Solution:

$ \begin{gathered} \text { i) } F(s)=\frac{s^3+6 s^2+7 s+3}{s^2+2 s+1}=\frac{N(s)}{D(s)}....(1) \\\\ N(s)=s^3+6 s^2+7 s+3 \end{gathered} $

$ \begin{aligned} \\ &\begin{array}{c|c} s^3 & 1 \\\\ \hline s^2 & 6 \\\\ \hline s^1 & \frac{13}{2} \\\\ \hline s^0 & 3 \\\\ \end{array}\\\\ &N(S) \text { is Hurwitz's polynomial } \end{aligned} $

$ \begin{aligned} &D(s)=s^2+2 s+1\\\\ &\begin{array}{c|cc} s^2 & 1 & 1 \\\\ \hline s^1 & 2 & - \\\\ \hline s^0 & 1 & \end{array} \\ &D(S) \text { is Hurwitz's polynomial } \end{aligned} \\ $

$ \begin{aligned} D(S)=0 \\\\ \therefore S^2+2 S+1 &=0 \quad(S+1)^2=0 \\\\ & \therefore S_1=S_2=-1 \\ \end{aligned} \\ $

roots are real hence residuals are not required.

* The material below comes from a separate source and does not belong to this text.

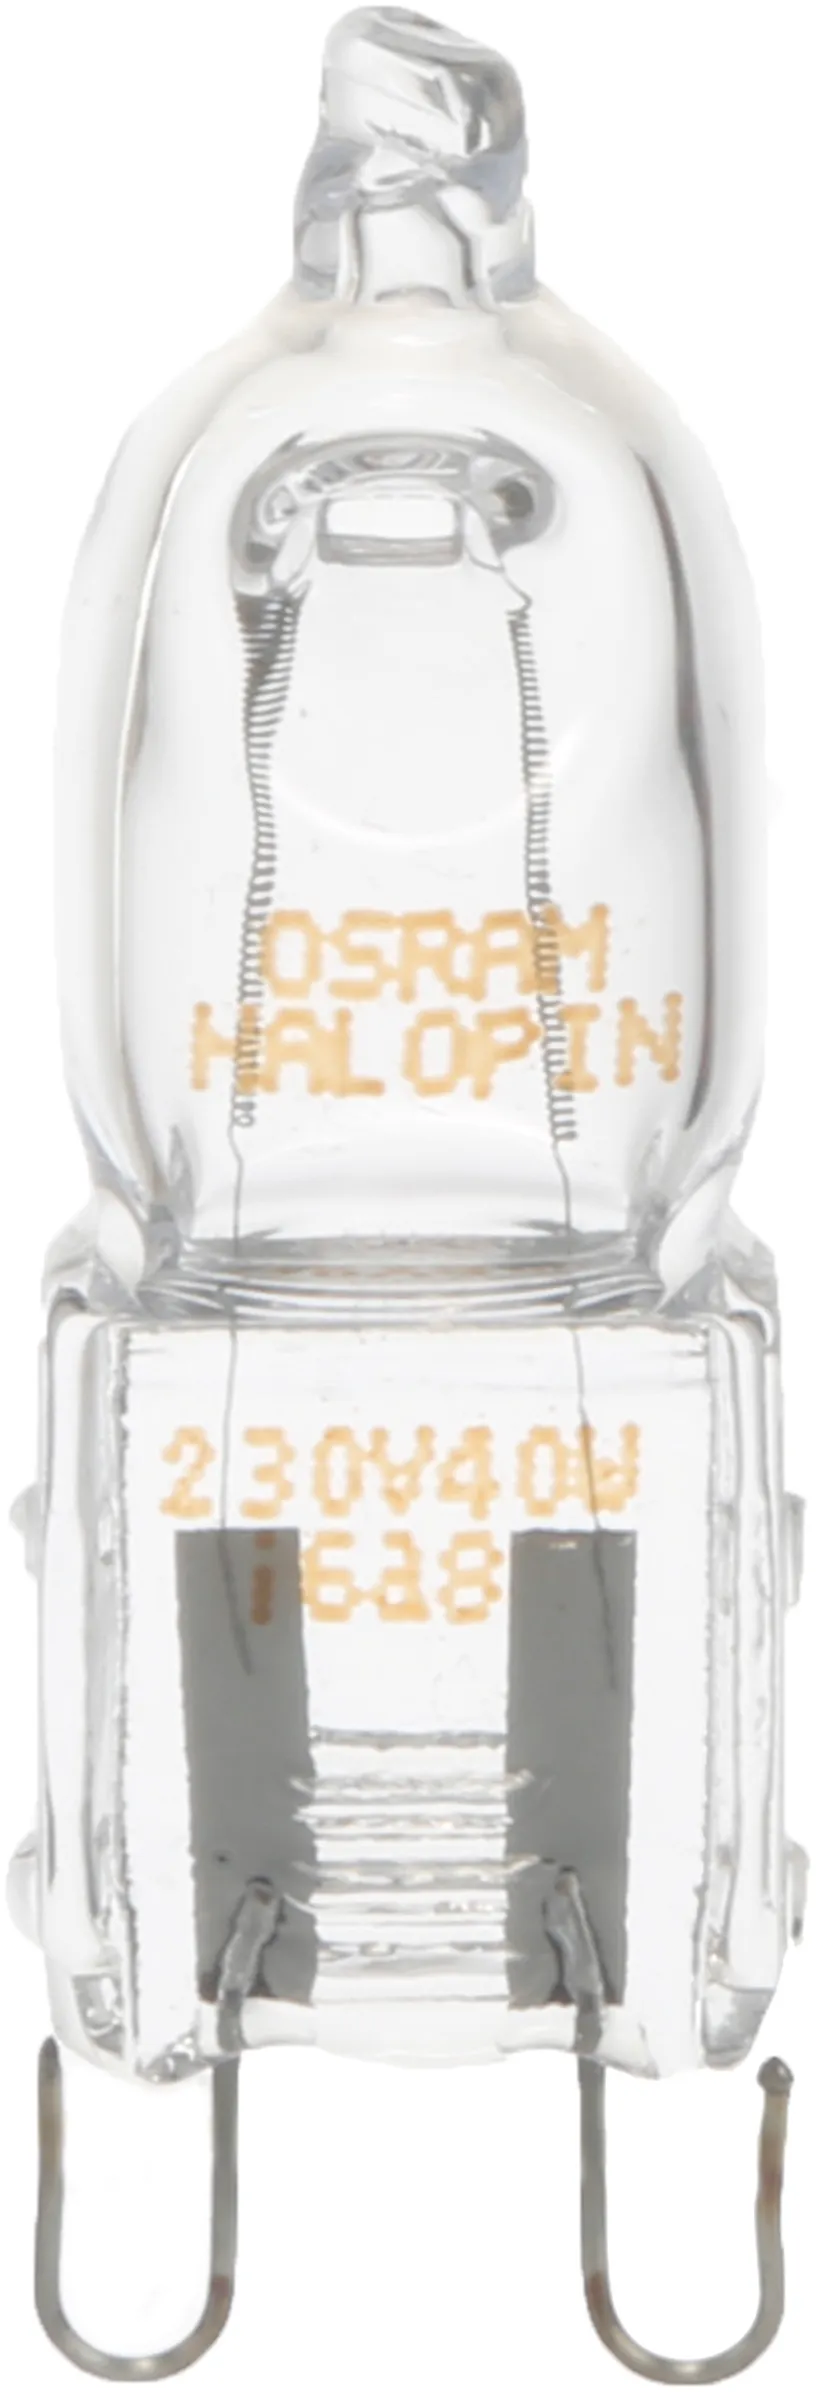 Halogen lamp G9, 40W, 230V, 490lm, 2700K, warm white optimal halogen composition for high temperatures

$ A(w)=m_1 m_2-n_1 m_2-2....(2) \\ $

$ where \\ $

$ \begin{aligned} m_1 &=6 s^2+3 & & n_1=s^3+7 s \\ m_2 &=s^2+1 & n_2 &=2 s \end{aligned} \\ $

$ \therefore A(s)=\left(6 s^2+3\right)\left(s^2+1\right)-\left(s^3+7 s\right)(2 s) \\ $

$ =\left(6 s^4+6 s^2+3 s^2+3\right)-\left(2 s^4+14 s^2\right) \\ $

$ =4 S^4-5 S^2+3 \\ $

put $ S=j \omega \\ $

$ \therefore A(\omega)=4(j \omega)^4-5(j \omega)^2+3 \\ $

$ =4 w^4+5 w^2+3 \\ $

it is clear that for all values of $w$ $ A(\omega)>0 \ $ $\therefore$ All conditions are satisfied, hence F(S) is P . R. function.